Nothing like reviving a 6 year old thread 

Virtually all 14" cast iron frame bandsaws from the 50's on up use the same basic castings… IIRC, somewhere along the line, Delta sold off their old used molds to Asian manufacturers, which grew the clone market. The main difference is the machining of those cast parts. Since the riser block uses two locating pins to mate the surfaces in proper alignment, not all manufacturers drilled their holes in the same places. So in a nutshell, you can probably use any riser kit designed for one of those saws, but may have to drill some new indexing holes (or just don't use them if you are feeling lucky).

And as mentioned, there is more involved than just the riser block.

Cheers,
Brad


----------



## MrRon (Jul 9, 2009)

All the Delta clones are pretty much the same. The only differences are finish and paint. Other than that, A cheap HF BS can be made to perform like a saw costing 2 to 3 times more. All it takes is tweaking it, something not everyone wants to do or knows how to do. If you want a BS that is "ready to go" out of the box, you will have to pay top dollar. For those with empty pockets, a HF BS is the answer. That goes for any tool. Can I compare it to a Jet or Powermatic? No, nor can I compare a Chevy C1500 PU to a $80,000 Ford PU.


----------



## Pitzerwm (Jan 31, 2014)

Thanks for all of the help. It appears that the key is the dia. of the extension post. The HF is 3/4" with a slight flat area.
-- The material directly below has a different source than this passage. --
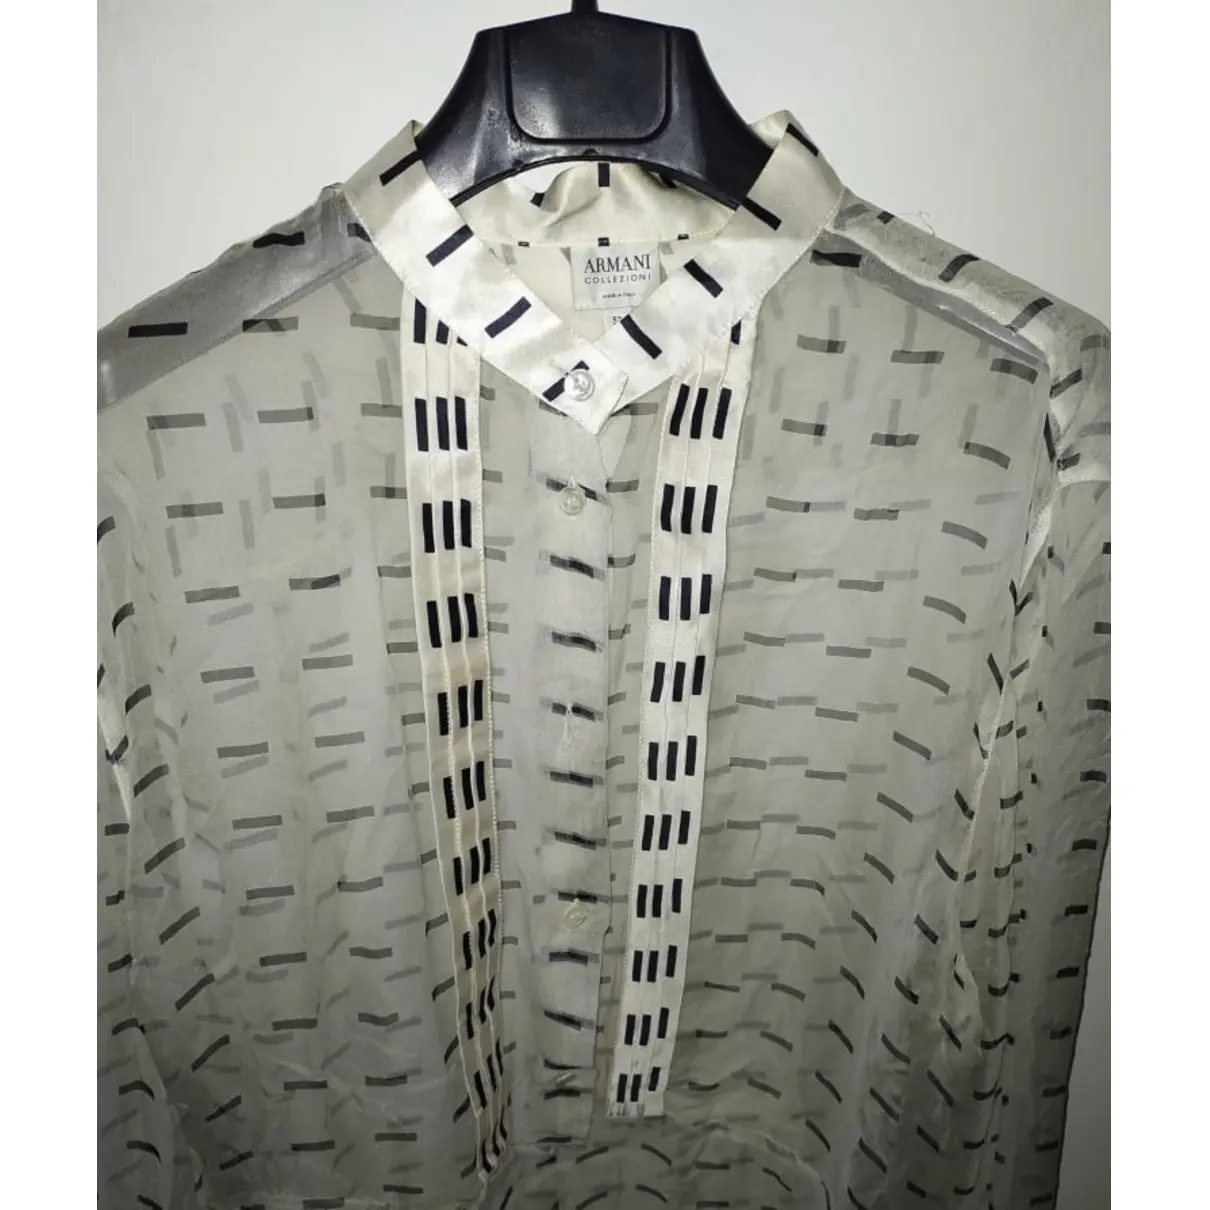 Buy Armani Collezioni Silk tunic online

What would help me is if you guys would measure your post on yours, whatever the brand. I do know that powermatic won't work.

Thanks again.


----------



## Pitzerwm (Jan 31, 2014)

Update: A friend had a jet kit that he couldn't use JRB14. The block needed the 2 holes on the bottom enlarged a bit and he had ground off the studs but they weren't in the right place, so I drilled 2 new holes and added the studs. So that part went well. The guide post was 7/8" and the HF needed a 3/4" one, so I will need to get one and grind a flat part on one side so the screws that hold it in place have someplace to "grip". So as soon as I get the post, I'm golden.

Thanks again for all of the help.


----------



## dlmckirdy (Oct 27, 2009)

The Newer HF saws have an 18mm dia guide bar. 3/4" is 19.02 mm. I had a 3/4" drill bit that I used to ream out the holes for the guide bar in both the saw frame and the guide "shoe". My machinist milled a v-groove as opposed to a flat for the set screws, as you get a better grip as opposed to a flat (his personal experience with machine tools).


----------



## Pitzerwm (Jan 31, 2014)

Another update: I got a 3/4" hot rolled steel post, and it fit the top part perfect and you just needed to sand a bit for the bottom part to fit. A friend milled a flat edge on one side, works perfect.


----------